[EXERCISE DATA]
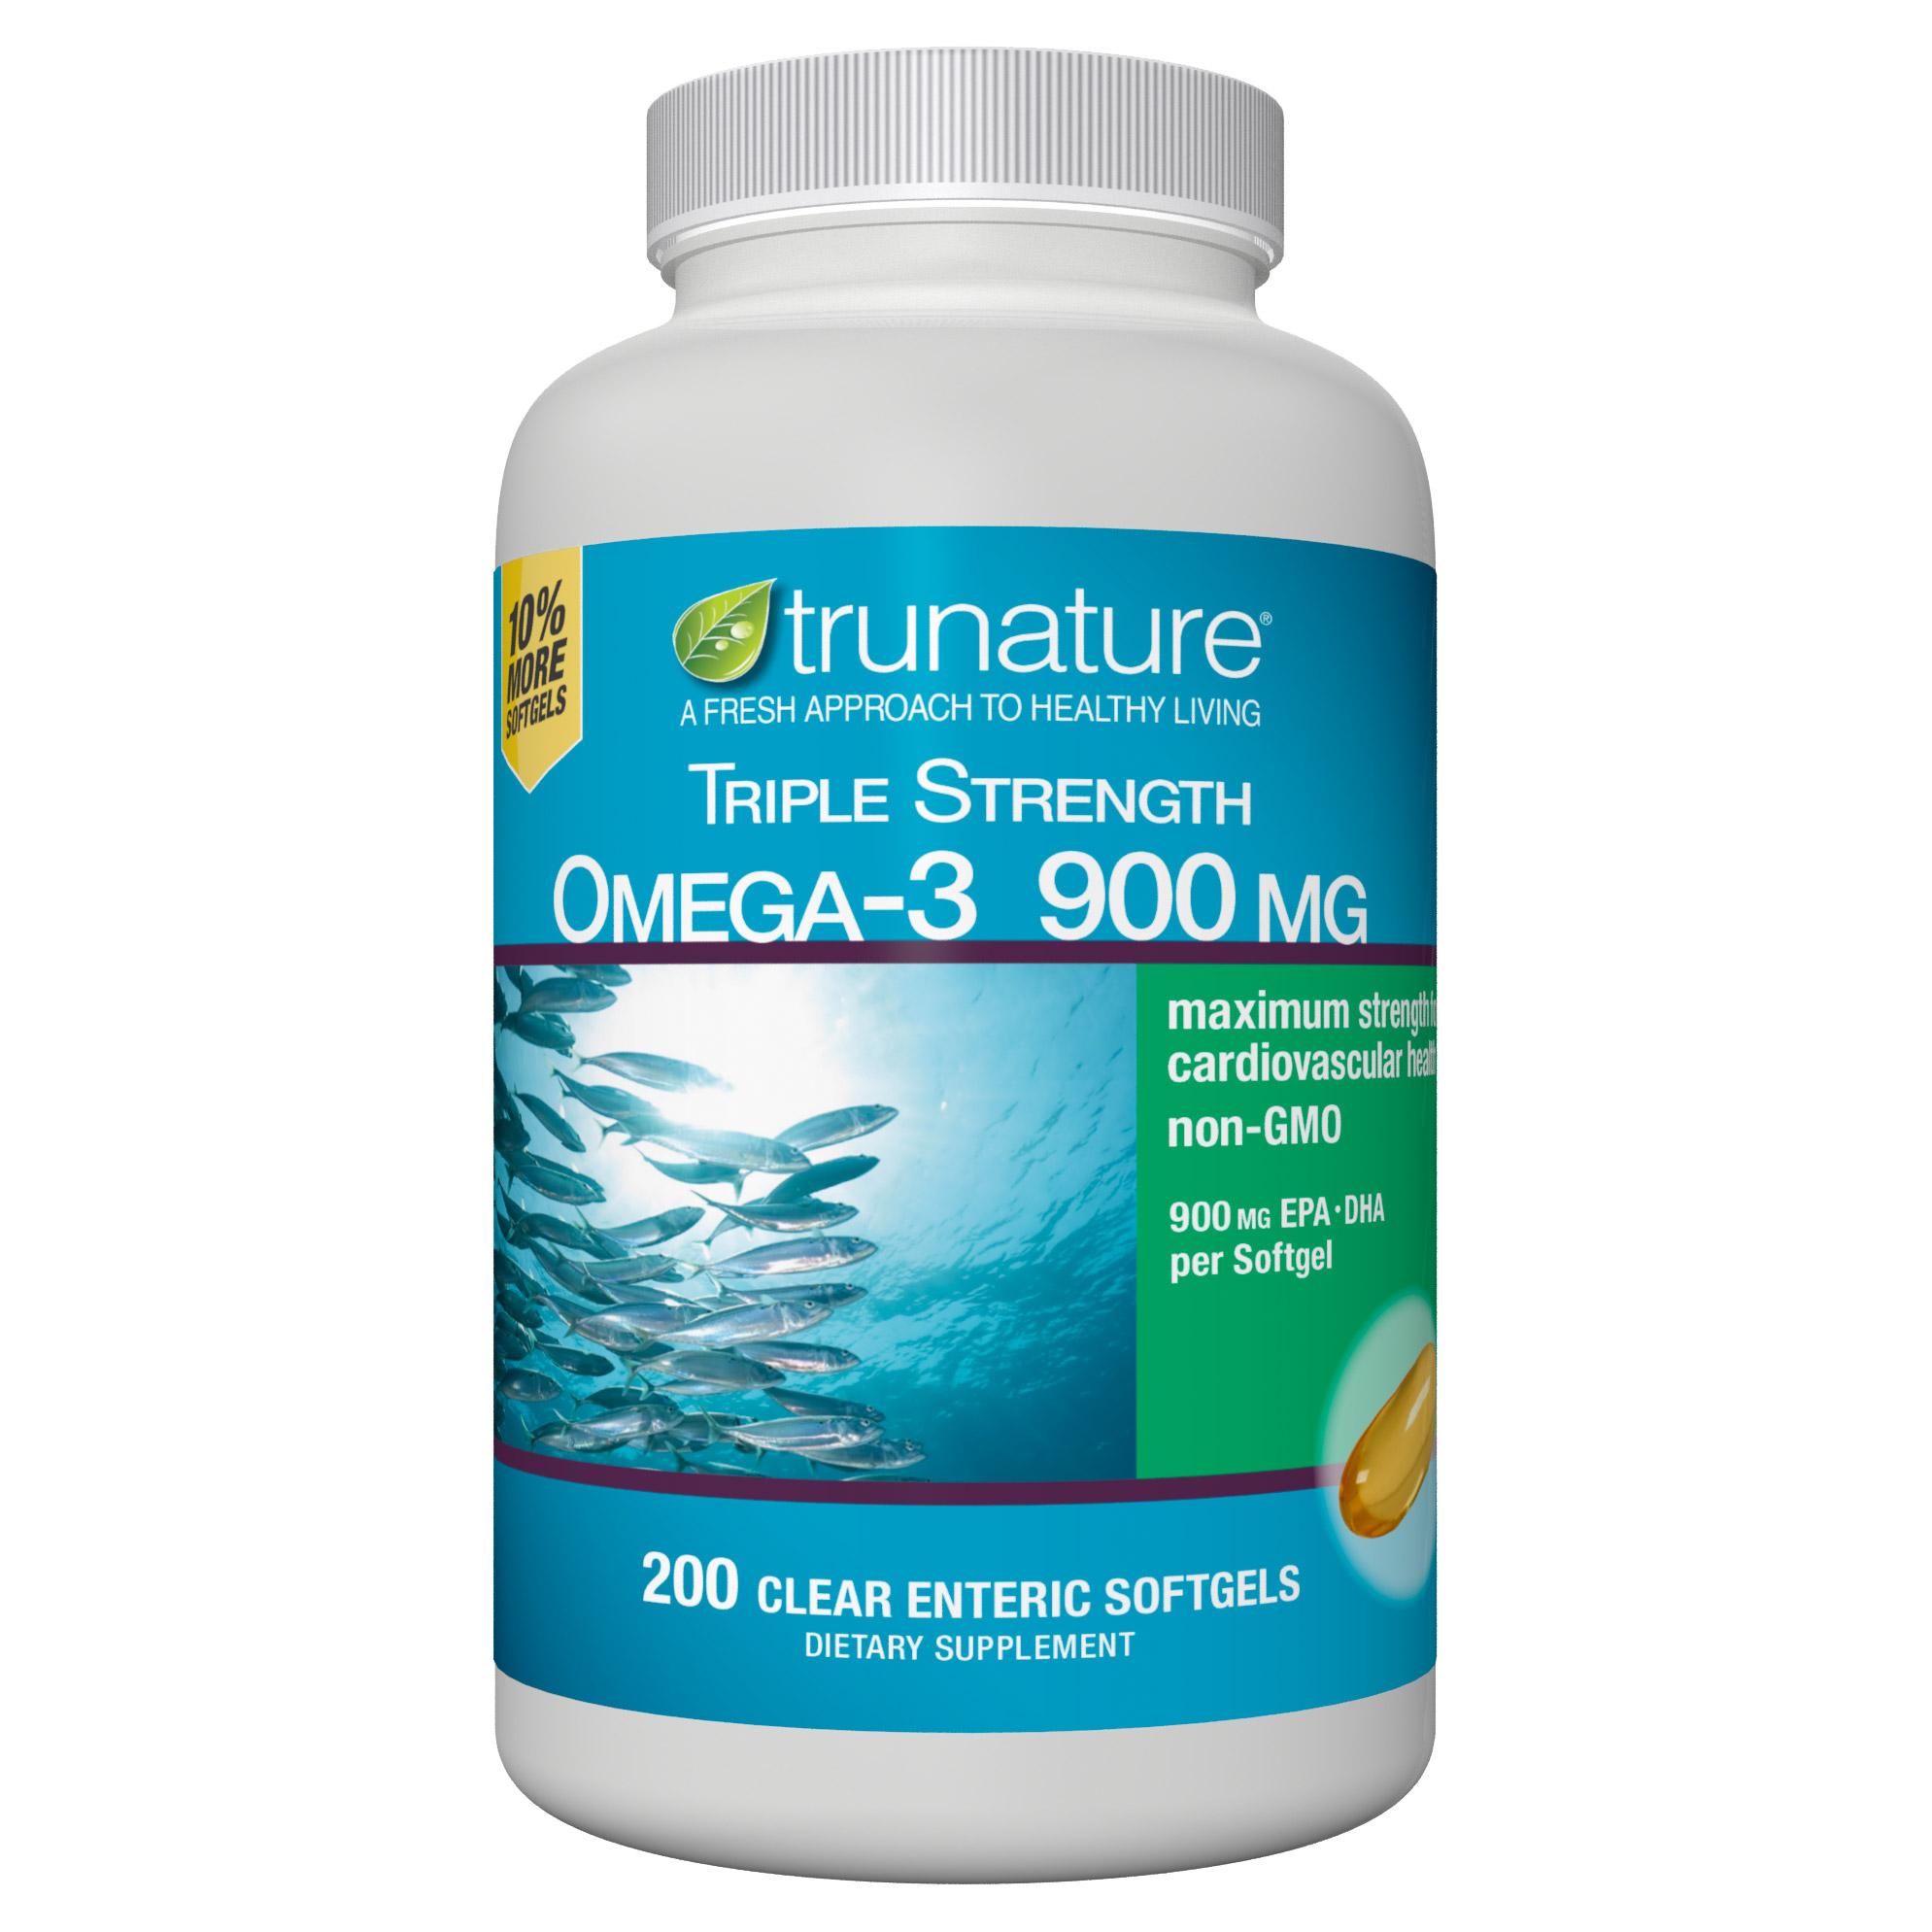 trunature Triple Strength Omega-3 900 mg., 200 Softgels
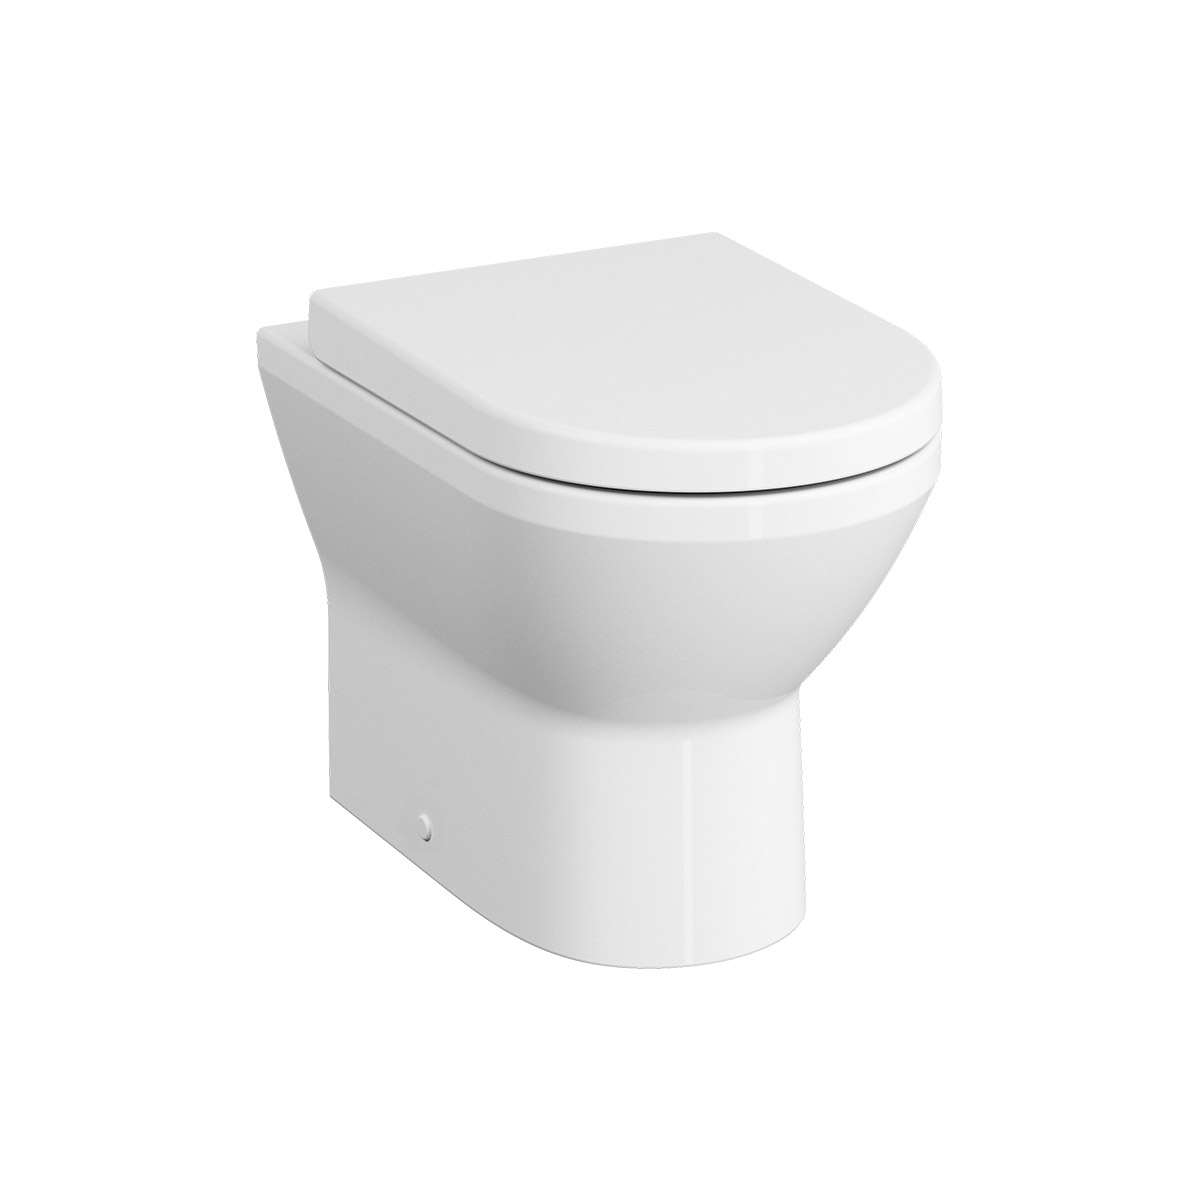 Integra Stand-WC VitrA Flush 2.0 (ohne Spülrand), mit Bidetfunktion, Tiefspüler
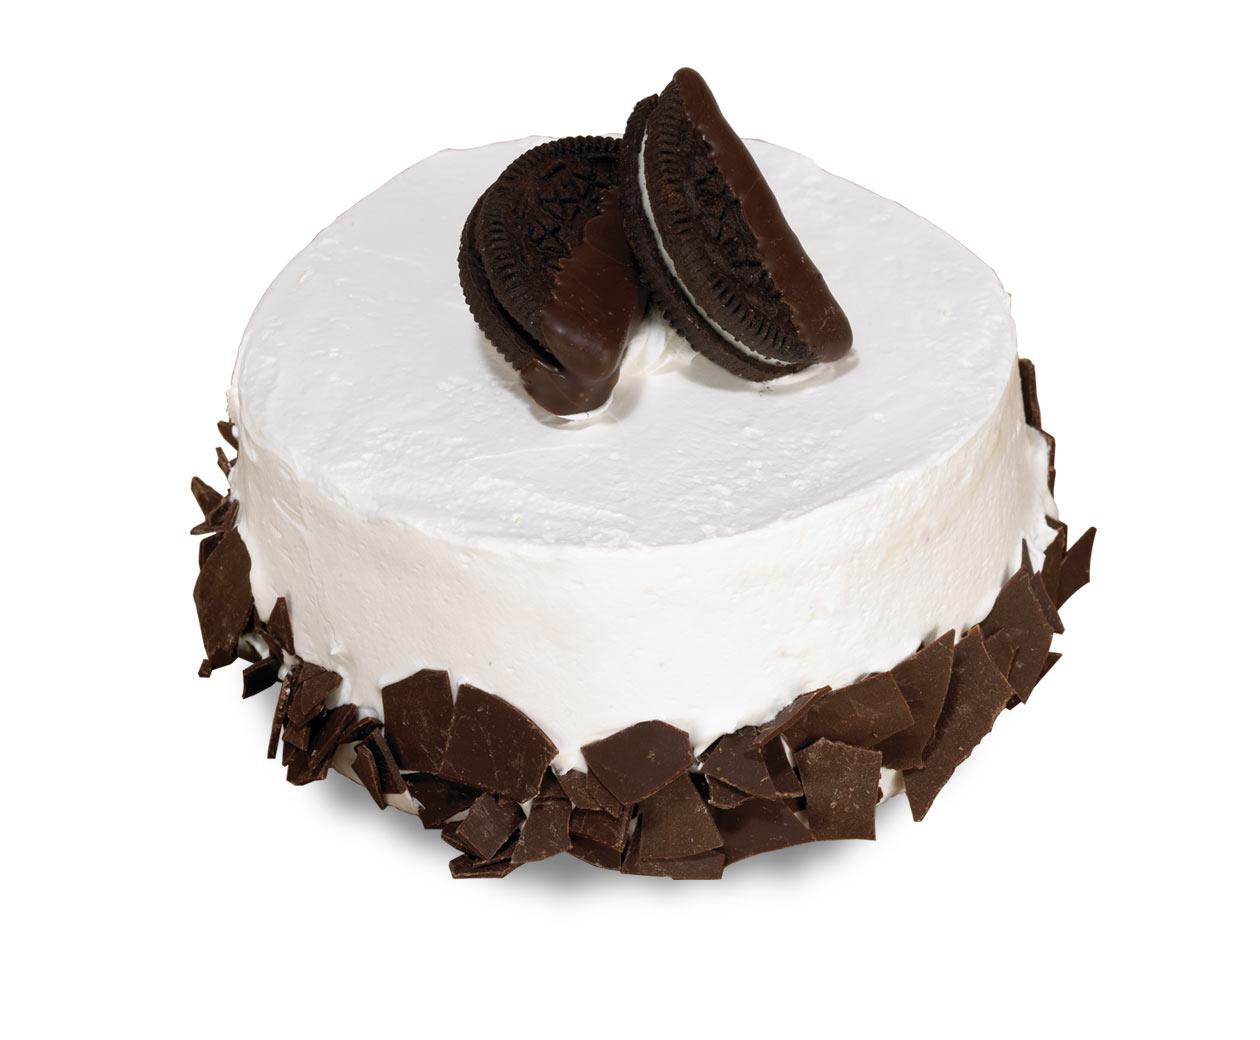 Cold Stone Cake Batter Ice Cream
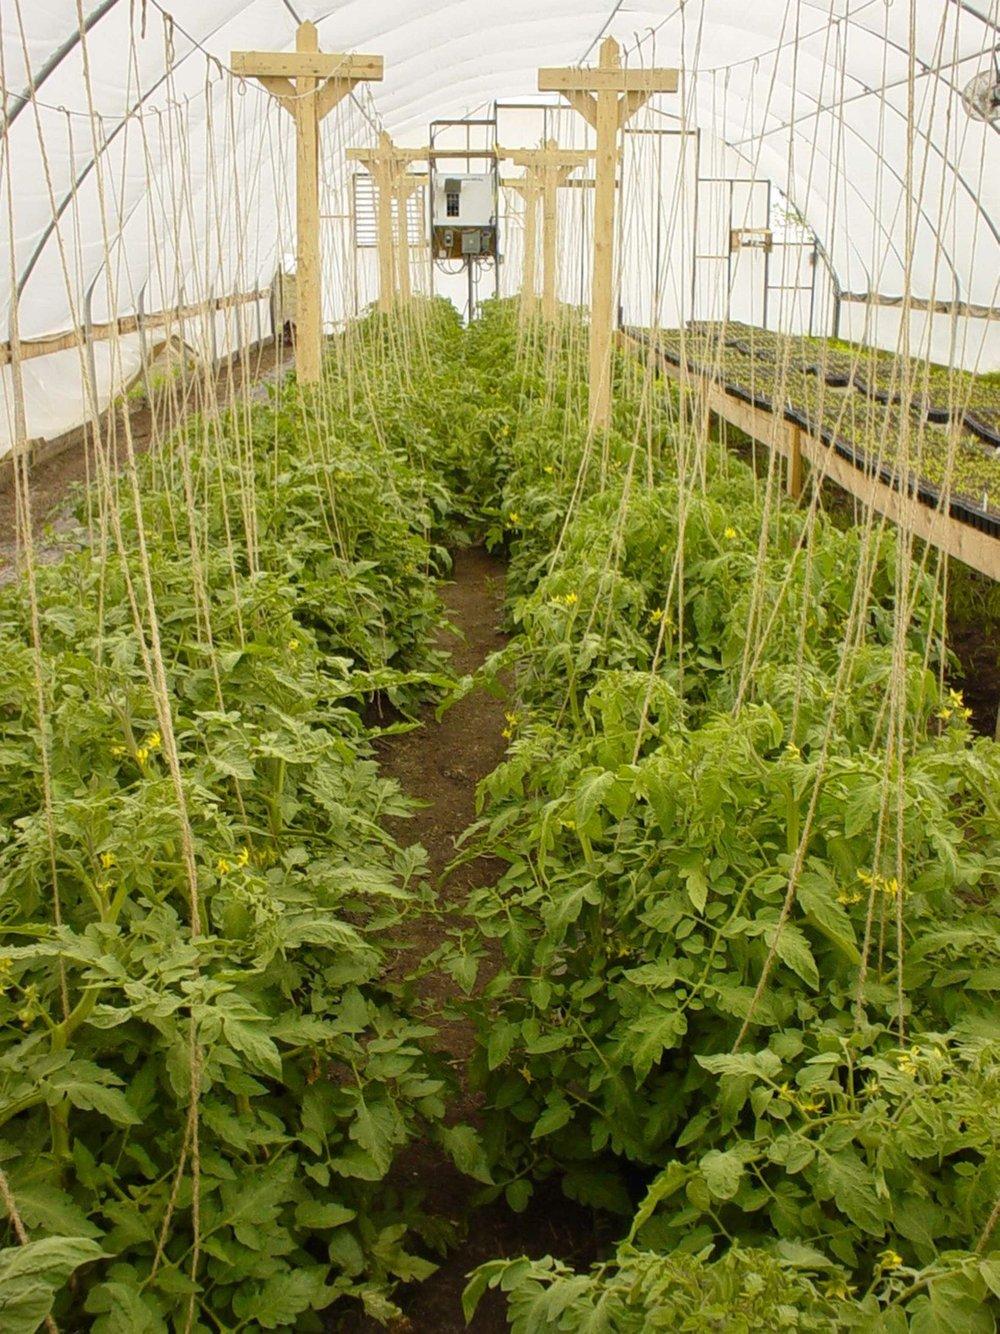 (Organic) tomatoes in a greenhouse at Maharishi Vedic City Organic Farm.

[WHAT TO DO] Would you return all the data exactly as given, minus the pictures?

[RESPONSE FOR THIS EXERCISE]
 trunature Triple Strength Omega-3 900 mg., 200 Softgels
 Integra Stand-WC VitrA Flush 2.0 (ohne Spülrand), mit Bidetfunktion, Tiefspüler
 Cold Stone Cake Batter Ice Cream
 (Organic) tomatoes in a greenhouse at Maharishi Vedic City Organic Farm.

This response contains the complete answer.